Segment Start: Input data
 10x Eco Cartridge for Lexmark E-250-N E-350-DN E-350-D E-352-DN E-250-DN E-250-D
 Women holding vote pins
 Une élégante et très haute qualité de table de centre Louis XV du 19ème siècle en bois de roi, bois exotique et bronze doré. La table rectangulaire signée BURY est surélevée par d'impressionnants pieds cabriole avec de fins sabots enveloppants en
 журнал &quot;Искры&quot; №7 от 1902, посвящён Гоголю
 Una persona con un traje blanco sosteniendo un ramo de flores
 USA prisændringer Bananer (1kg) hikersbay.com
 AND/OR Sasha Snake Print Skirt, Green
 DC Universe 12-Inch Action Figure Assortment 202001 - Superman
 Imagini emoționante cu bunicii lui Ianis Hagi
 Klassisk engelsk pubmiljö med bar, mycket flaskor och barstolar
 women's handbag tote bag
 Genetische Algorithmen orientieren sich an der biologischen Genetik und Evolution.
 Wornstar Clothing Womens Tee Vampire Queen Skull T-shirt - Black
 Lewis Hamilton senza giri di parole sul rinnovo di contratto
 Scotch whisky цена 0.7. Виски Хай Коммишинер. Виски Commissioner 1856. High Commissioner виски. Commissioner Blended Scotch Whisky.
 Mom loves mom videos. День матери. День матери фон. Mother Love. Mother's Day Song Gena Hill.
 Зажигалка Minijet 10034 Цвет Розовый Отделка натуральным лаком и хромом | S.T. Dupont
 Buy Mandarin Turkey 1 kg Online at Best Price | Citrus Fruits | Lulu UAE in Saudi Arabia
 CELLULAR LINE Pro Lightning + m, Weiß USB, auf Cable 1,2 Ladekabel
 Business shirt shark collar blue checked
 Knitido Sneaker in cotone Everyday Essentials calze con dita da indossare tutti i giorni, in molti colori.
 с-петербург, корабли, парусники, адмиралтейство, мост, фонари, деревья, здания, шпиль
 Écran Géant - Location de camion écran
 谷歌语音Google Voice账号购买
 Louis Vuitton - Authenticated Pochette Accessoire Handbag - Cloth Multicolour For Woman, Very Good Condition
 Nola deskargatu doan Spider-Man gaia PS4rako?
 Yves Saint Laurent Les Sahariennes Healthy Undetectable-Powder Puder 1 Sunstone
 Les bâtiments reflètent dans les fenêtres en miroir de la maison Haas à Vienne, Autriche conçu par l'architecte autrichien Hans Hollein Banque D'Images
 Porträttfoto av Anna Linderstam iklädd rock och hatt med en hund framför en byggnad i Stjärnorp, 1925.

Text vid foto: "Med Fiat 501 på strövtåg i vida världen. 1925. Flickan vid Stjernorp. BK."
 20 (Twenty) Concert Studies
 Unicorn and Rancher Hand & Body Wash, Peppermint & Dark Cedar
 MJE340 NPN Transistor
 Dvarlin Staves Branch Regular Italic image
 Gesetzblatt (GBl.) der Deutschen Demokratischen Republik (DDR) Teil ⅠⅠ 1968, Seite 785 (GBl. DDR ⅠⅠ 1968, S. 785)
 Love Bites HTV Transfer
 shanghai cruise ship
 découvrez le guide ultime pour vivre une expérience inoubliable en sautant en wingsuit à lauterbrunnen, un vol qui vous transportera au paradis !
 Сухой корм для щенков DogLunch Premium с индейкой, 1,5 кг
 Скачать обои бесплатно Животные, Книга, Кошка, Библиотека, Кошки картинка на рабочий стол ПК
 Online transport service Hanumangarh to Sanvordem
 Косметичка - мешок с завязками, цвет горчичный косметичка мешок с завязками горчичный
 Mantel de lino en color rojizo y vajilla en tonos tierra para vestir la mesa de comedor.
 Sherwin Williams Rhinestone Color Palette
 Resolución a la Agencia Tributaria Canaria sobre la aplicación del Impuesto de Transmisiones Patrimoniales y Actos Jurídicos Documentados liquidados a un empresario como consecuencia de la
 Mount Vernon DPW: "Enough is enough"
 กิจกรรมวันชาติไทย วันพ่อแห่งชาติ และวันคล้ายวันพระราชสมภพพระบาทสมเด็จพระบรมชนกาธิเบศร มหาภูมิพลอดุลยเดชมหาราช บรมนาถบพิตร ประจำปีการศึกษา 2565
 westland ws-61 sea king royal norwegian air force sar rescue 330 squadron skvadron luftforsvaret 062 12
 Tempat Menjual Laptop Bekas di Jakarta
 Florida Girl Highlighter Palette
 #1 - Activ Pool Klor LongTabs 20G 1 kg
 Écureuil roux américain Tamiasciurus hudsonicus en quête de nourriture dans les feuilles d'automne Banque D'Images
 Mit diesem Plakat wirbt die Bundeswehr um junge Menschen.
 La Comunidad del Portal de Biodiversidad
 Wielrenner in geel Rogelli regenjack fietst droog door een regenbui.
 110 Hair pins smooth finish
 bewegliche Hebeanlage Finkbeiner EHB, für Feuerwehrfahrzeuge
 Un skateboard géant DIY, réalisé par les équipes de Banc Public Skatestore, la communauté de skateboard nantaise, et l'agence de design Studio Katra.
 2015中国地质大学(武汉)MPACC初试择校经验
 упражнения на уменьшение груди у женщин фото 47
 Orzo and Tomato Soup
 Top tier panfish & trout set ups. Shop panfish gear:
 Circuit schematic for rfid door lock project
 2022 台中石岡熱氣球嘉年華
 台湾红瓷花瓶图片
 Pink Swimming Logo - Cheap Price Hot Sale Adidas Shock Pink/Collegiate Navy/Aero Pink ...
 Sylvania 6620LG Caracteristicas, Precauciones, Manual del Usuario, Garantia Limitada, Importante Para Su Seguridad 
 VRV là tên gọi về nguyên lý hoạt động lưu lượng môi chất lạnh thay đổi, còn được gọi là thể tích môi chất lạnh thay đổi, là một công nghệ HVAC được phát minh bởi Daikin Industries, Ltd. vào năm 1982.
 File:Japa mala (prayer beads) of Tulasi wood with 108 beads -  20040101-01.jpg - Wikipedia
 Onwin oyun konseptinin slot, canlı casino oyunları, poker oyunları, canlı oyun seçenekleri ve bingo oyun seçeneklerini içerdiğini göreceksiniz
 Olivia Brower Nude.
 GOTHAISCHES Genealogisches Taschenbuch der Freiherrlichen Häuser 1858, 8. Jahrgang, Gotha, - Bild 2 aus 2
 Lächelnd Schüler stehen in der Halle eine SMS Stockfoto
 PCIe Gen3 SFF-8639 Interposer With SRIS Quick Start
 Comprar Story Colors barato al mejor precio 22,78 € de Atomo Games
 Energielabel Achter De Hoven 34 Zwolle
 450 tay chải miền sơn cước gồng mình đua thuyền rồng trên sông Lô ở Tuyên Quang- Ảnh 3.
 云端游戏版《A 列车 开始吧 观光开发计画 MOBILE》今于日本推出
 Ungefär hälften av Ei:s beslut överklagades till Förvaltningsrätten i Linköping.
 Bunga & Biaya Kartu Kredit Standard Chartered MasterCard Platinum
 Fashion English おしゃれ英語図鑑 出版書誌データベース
Segment End: Input data
- **Work to complete**:
Could every entry be given again exactly, with no line skipped?

- **Your response**:
 10x Eco Cartridge for Lexmark E-250-N E-350-DN E-350-D E-352-DN E-250-DN E-250-D
 Women holding vote pins
 Une élégante et très haute qualité de table de centre Louis XV du 19ème siècle en bois de roi, bois exotique et bronze doré. La table rectangulaire signée BURY est surélevée par d'impressionnants pieds cabriole avec de fins sabots enveloppants en
 журнал &quot;Искры&quot; №7 от 1902, посвящён Гоголю
 Una persona con un traje blanco sosteniendo un ramo de flores
 USA prisændringer Bananer (1kg) hikersbay.com
 AND/OR Sasha Snake Print Skirt, Green
 DC Universe 12-Inch Action Figure Assortment 202001 - Superman
 Imagini emoționante cu bunicii lui Ianis Hagi
 Klassisk engelsk pubmiljö med bar, mycket flaskor och barstolar
 women's handbag tote bag
 Genetische Algorithmen orientieren sich an der biologischen Genetik und Evolution.
 Wornstar Clothing Womens Tee Vampire Queen Skull T-shirt - Black
 Lewis Hamilton senza giri di parole sul rinnovo di contratto
 Scotch whisky цена 0.7. Виски Хай Коммишинер. Виски Commissioner 1856. High Commissioner виски. Commissioner Blended Scotch Whisky.
 Mom loves mom videos. День матери. День матери фон. Mother Love. Mother's Day Song Gena Hill.
 Зажигалка Minijet 10034 Цвет Розовый Отделка натуральным лаком и хромом | S.T. Dupont
 Buy Mandarin Turkey 1 kg Online at Best Price | Citrus Fruits | Lulu UAE in Saudi Arabia
 CELLULAR LINE Pro Lightning + m, Weiß USB, auf Cable 1,2 Ladekabel
 Business shirt shark collar blue checked
 Knitido Sneaker in cotone Everyday Essentials calze con dita da indossare tutti i giorni, in molti colori.
 с-петербург, корабли, парусники, адмиралтейство, мост, фонари, деревья, здания, шпиль
 Écran Géant - Location de camion écran
 谷歌语音Google Voice账号购买
 Louis Vuitton - Authenticated Pochette Accessoire Handbag - Cloth Multicolour For Woman, Very Good Condition
 Nola deskargatu doan Spider-Man gaia PS4rako?
 Yves Saint Laurent Les Sahariennes Healthy Undetectable-Powder Puder 1 Sunstone
 Les bâtiments reflètent dans les fenêtres en miroir de la maison Haas à Vienne, Autriche conçu par l'architecte autrichien Hans Hollein Banque D'Images
 Porträttfoto av Anna Linderstam iklädd rock och hatt med en hund framför en byggnad i Stjärnorp, 1925.

Text vid foto: "Med Fiat 501 på strövtåg i vida världen. 1925. Flickan vid Stjernorp. BK."
 20 (Twenty) Concert Studies
 Unicorn and Rancher Hand & Body Wash, Peppermint & Dark Cedar
 MJE340 NPN Transistor
 Dvarlin Staves Branch Regular Italic image
 Gesetzblatt (GBl.) der Deutschen Demokratischen Republik (DDR) Teil ⅠⅠ 1968, Seite 785 (GBl. DDR ⅠⅠ 1968, S. 785)
 Love Bites HTV Transfer
 shanghai cruise ship
 découvrez le guide ultime pour vivre une expérience inoubliable en sautant en wingsuit à lauterbrunnen, un vol qui vous transportera au paradis !
 Сухой корм для щенков DogLunch Premium с индейкой, 1,5 кг
 Скачать обои бесплатно Животные, Книга, Кошка, Библиотека, Кошки картинка на рабочий стол ПК
 Online transport service Hanumangarh to Sanvordem
 Косметичка - мешок с завязками, цвет горчичный косметичка мешок с завязками горчичный
 Mantel de lino en color rojizo y vajilla en tonos tierra para vestir la mesa de comedor.
 Sherwin Williams Rhinestone Color Palette
 Resolución a la Agencia Tributaria Canaria sobre la aplicación del Impuesto de Transmisiones Patrimoniales y Actos Jurídicos Documentados liquidados a un empresario como consecuencia de la
 Mount Vernon DPW: "Enough is enough"
 กิจกรรมวันชาติไทย วันพ่อแห่งชาติ และวันคล้ายวันพระราชสมภพพระบาทสมเด็จพระบรมชนกาธิเบศร มหาภูมิพลอดุลยเดชมหาราช บรมนาถบพิตร ประจำปีการศึกษา 2565
 westland ws-61 sea king royal norwegian air force sar rescue 330 squadron skvadron luftforsvaret 062 12
 Tempat Menjual Laptop Bekas di Jakarta
 Florida Girl Highlighter Palette
 #1 - Activ Pool Klor LongTabs 20G 1 kg
 Écureuil roux américain Tamiasciurus hudsonicus en quête de nourriture dans les feuilles d'automne Banque D'Images
 Mit diesem Plakat wirbt die Bundeswehr um junge Menschen.
 La Comunidad del Portal de Biodiversidad
 Wielrenner in geel Rogelli regenjack fietst droog door een regenbui.
 110 Hair pins smooth finish
 bewegliche Hebeanlage Finkbeiner EHB, für Feuerwehrfahrzeuge
 Un skateboard géant DIY, réalisé par les équipes de Banc Public Skatestore, la communauté de skateboard nantaise, et l'agence de design Studio Katra.
 2015中国地质大学(武汉)MPACC初试择校经验
 упражнения на уменьшение груди у женщин фото 47
 Orzo and Tomato Soup
 Top tier panfish & trout set ups. Shop panfish gear:
 Circuit schematic for rfid door lock project
 2022 台中石岡熱氣球嘉年華
 台湾红瓷花瓶图片
 Pink Swimming Logo - Cheap Price Hot Sale Adidas Shock Pink/Collegiate Navy/Aero Pink ...
 Sylvania 6620LG Caracteristicas, Precauciones, Manual del Usuario, Garantia Limitada, Importante Para Su Seguridad 
 VRV là tên gọi về nguyên lý hoạt động lưu lượng môi chất lạnh thay đổi, còn được gọi là thể tích môi chất lạnh thay đổi, là một công nghệ HVAC được phát minh bởi Daikin Industries, Ltd. vào năm 1982.
 File:Japa mala (prayer beads) of Tulasi wood with 108 beads -  20040101-01.jpg - Wikipedia
 Onwin oyun konseptinin slot, canlı casino oyunları, poker oyunları, canlı oyun seçenekleri ve bingo oyun seçeneklerini içerdiğini göreceksiniz
 Olivia Brower Nude.
 GOTHAISCHES Genealogisches Taschenbuch der Freiherrlichen Häuser 1858, 8. Jahrgang, Gotha, - Bild 2 aus 2
 Lächelnd Schüler stehen in der Halle eine SMS Stockfoto
 PCIe Gen3 SFF-8639 Interposer With SRIS Quick Start
 Comprar Story Colors barato al mejor precio 22,78 € de Atomo Games
 Energielabel Achter De Hoven 34 Zwolle
 450 tay chải miền sơn cước gồng mình đua thuyền rồng trên sông Lô ở Tuyên Quang- Ảnh 3.
 云端游戏版《A 列车 开始吧 观光开发计画 MOBILE》今于日本推出
 Ungefär hälften av Ei:s beslut överklagades till Förvaltningsrätten i Linköping.
 Bunga & Biaya Kartu Kredit Standard Chartered MasterCard Platinum
 Fashion English おしゃれ英語図鑑 出版書誌データベース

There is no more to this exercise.